The eight were Julius Blank, Victor Grinich, Jean Hoerni, Eugene Kleiner, Jay Last, Gordon Moore, Robert Noyce, and Sheldon Roberts. They contacted the New York investment banking firm of Hayden, Stone & Company because Kleiner’s father had an account there.
They asked the bank to help them find a corporation interested in hiring the group of them to help establish a semiconductor operation, preferably, on the San Francisco Peninsula. This attracted the attention of Rock, an analyst at the investment bank. Rock in turn introduced them to Sherman Fairchild, who at that time was IBM’s largest shareholder. Fairchild was interested in redirecting his camera company towards the field of electronics and data processing. Together they created Fairchild Semiconductor in Palo Alto in 1957, the first venture to work solely with silicon.
Over the years, the departing “Fairchildren” helped to create the semiconductor industry. Between 1966 and 1969, no less than 27 new chip ventures were formed by Fairchild émigrés. Two the eight, Noyce and Moore, started Intel Corporation in 1968 and Rock also funded them with $2.5 million.
The novelty of Fairchild Semiconductor concerned talent management. Rigid hierarchies and employee loyalty were the norm. That legacy lives on via noncompete agreements. Brain drain is bad. The company that develops human capital owns that human capital. For Silicon Valley companies, brain drain is good. The Fairchildren changed the world.
The contemporary example of Fairchildren is the Google Diaspora. Ex-Googlers are changing the world. That can't happen in places such as Boston where brain drain hysteria is a chronic affliction. Instead, metros look to Richard Florida and his zero-sum thinking about the Creative Class:
In Miami, we talk a lot about the “brain drain”, where we lose talented people to places like New York and Los Angeles —
Florida: The overriding concept I like is “brain circulation”. It’s not brain drain, it’s not brain gain, it’s brain circulation. So what I think Miami should do is bring people in and send people out. The more people who go out and say, “Miami is this amazing laboratory for urban transformation, and I thought it was fabulous,” the better for Miami. My hope would be that some of those people figure out a way to incubate start-ups [in Miami]. Not just high-tech start-ups — social innovation, social enterprise, urban transformation, arts and cultural organizations. ...
... The concept of brain circulation is very interesting because we tend to harp on the “drain” part of the cycle.
Florida: I just look at the people I know that are choosing to live here. The net in is better than the net out. So I think Miami is winning. It’s really quite amazing, our ability to do brain circulation, and I think we minimize that. We look at every young person who leaves as a big loss, instead of saying, “They’re going out, they’re getting skills, they’re learning the world, and we’re attracting a lot of people.” There are very few regions in the world that have this net in that we do.

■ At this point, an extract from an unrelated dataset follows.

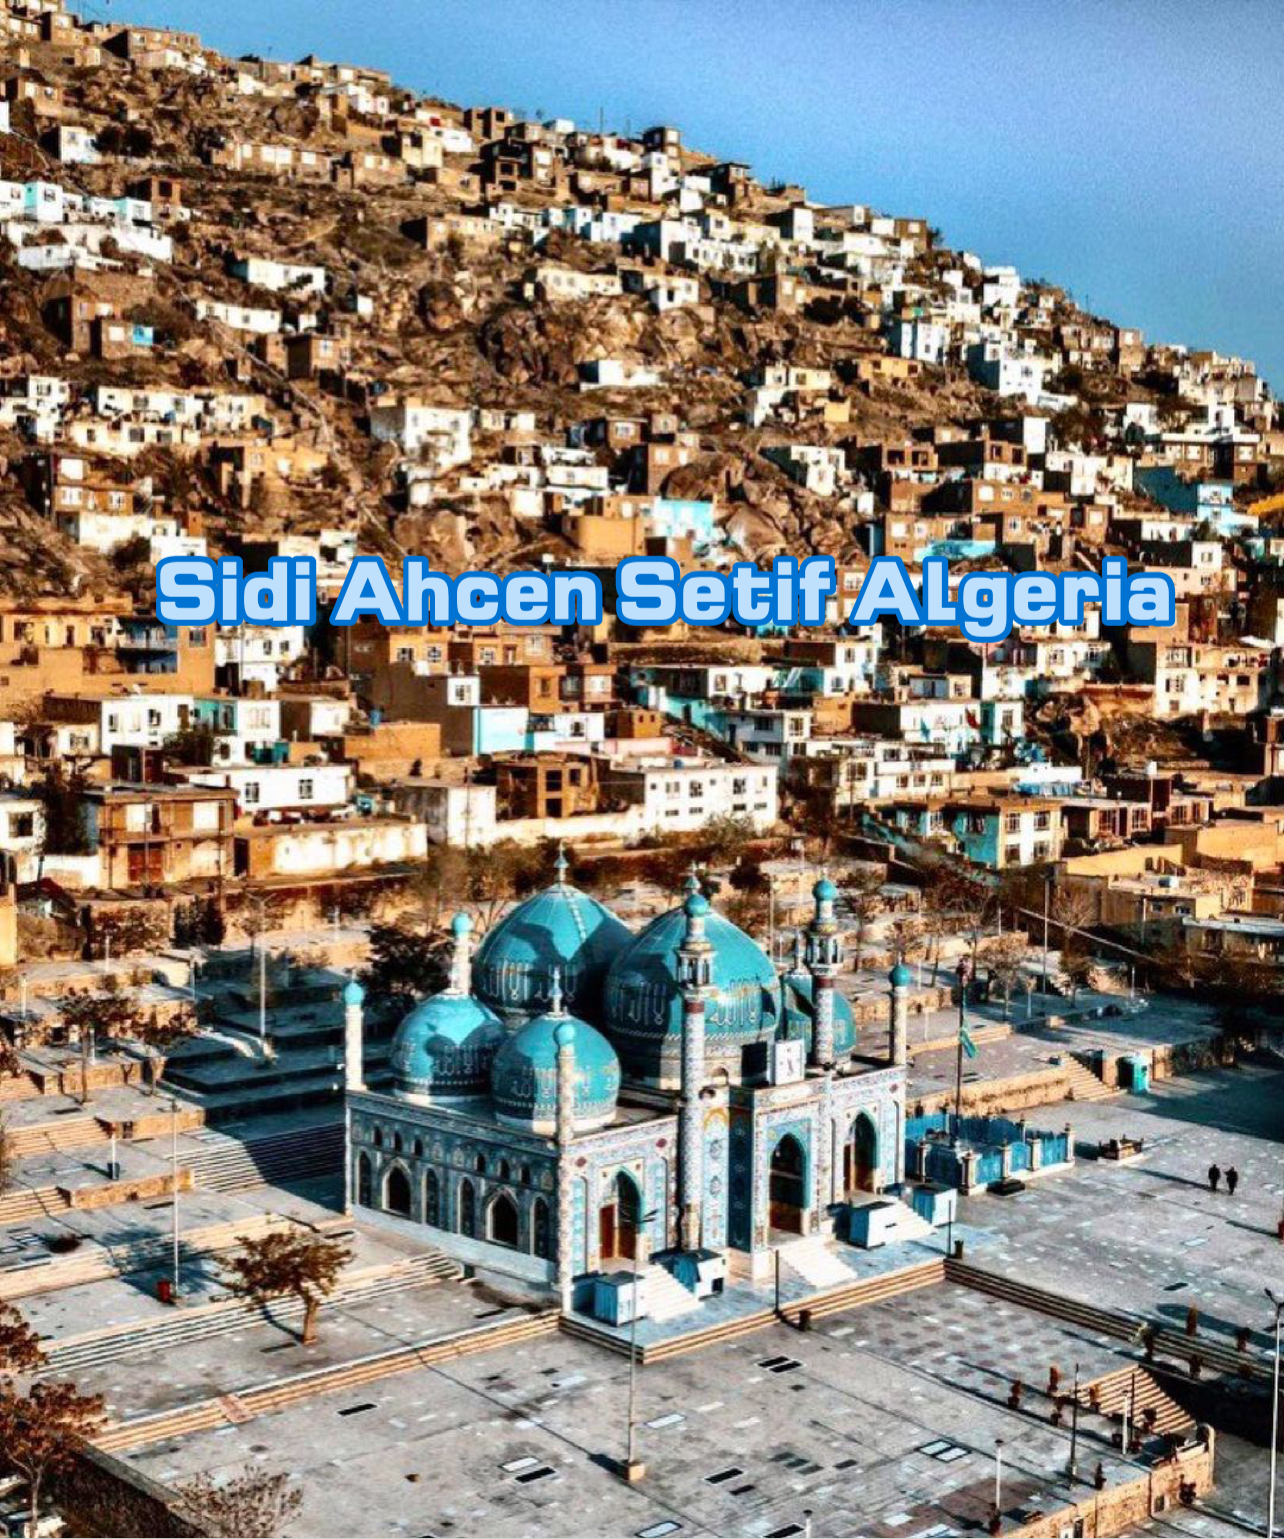 Sidi Ahcen Setif Algeria

That's an odd answer coming Richard Florida. Just a few weeks ago, he stated the following at Atlantic Cities:
Matt, you've hit upon what urbanists sometimes call the giant urban sorting machine. The problem for cities like yours is that young people are the most likely to move. A 25-year-old college graduate is three to five times more likely to move as someone in their 50s. Many cities think they can lure young people back as they get older and have families, and while this may work to a certain extent, the simple math suggests they can never recoup their losses of young people.
What can they do? As I argued long ago, Number 1 is to try to stem the losses. Figure out ways to retain that age group. I'm not saying that only that group matters, but if they cannot be kept or captured it will be hard to stem the sorting problem, as you describe. In fact, this is exactly the problem both Boston and Silicon Valley confronted a half century ago — talented young people were leaving Cambridge (MIT, Harvard, etc.) and Stanford for better jobs, etc., elsewhere. This is why university leaders (not mayors and economic developers) decided to support high-tech development. It could provide a source of employment for these new grads.
Emphasis added. I guess what is good for Miami is bad for Des Moines. Richard Florida is having a hard time keeping his ideas straight. For place-centric thinkers, talent migration is a zero-sum game. Miami is a winner. Des Moines is a loser. Listen to Richard Florida so your city can win, too:
When I wrote The Rise of the Creative Class and I identified these three Ts — technology, talent, and tolerance — I said cities that did all three had an economic edge. And I said that’s Silicon Valley, Austin, Boston, Seattle, on and on. And I used Pittsburg as an example of a city that had great technology but lacked tolerance and talent. And I used Miami, in that book, as an example of a city that was tolerant in lifestyle but lacked technology.
Ah yes, Florida conflating correlation and causality. Again. Cities don't have agency. People do. Talent that migrates, particularly across international borders, has an economic edge. Wherever they end up, talent always wins and the global economy is better for it.
1 comment:
It's been awhile since I listened to it but I'm pretty sure Steven Levy in his Into the Plex book claimed that Google expects to loose the grads from it's executive tract program within 5 years. They know they're talented. Taht's why Google picked them to start with. But they know they're going to have other interests and eventually move on.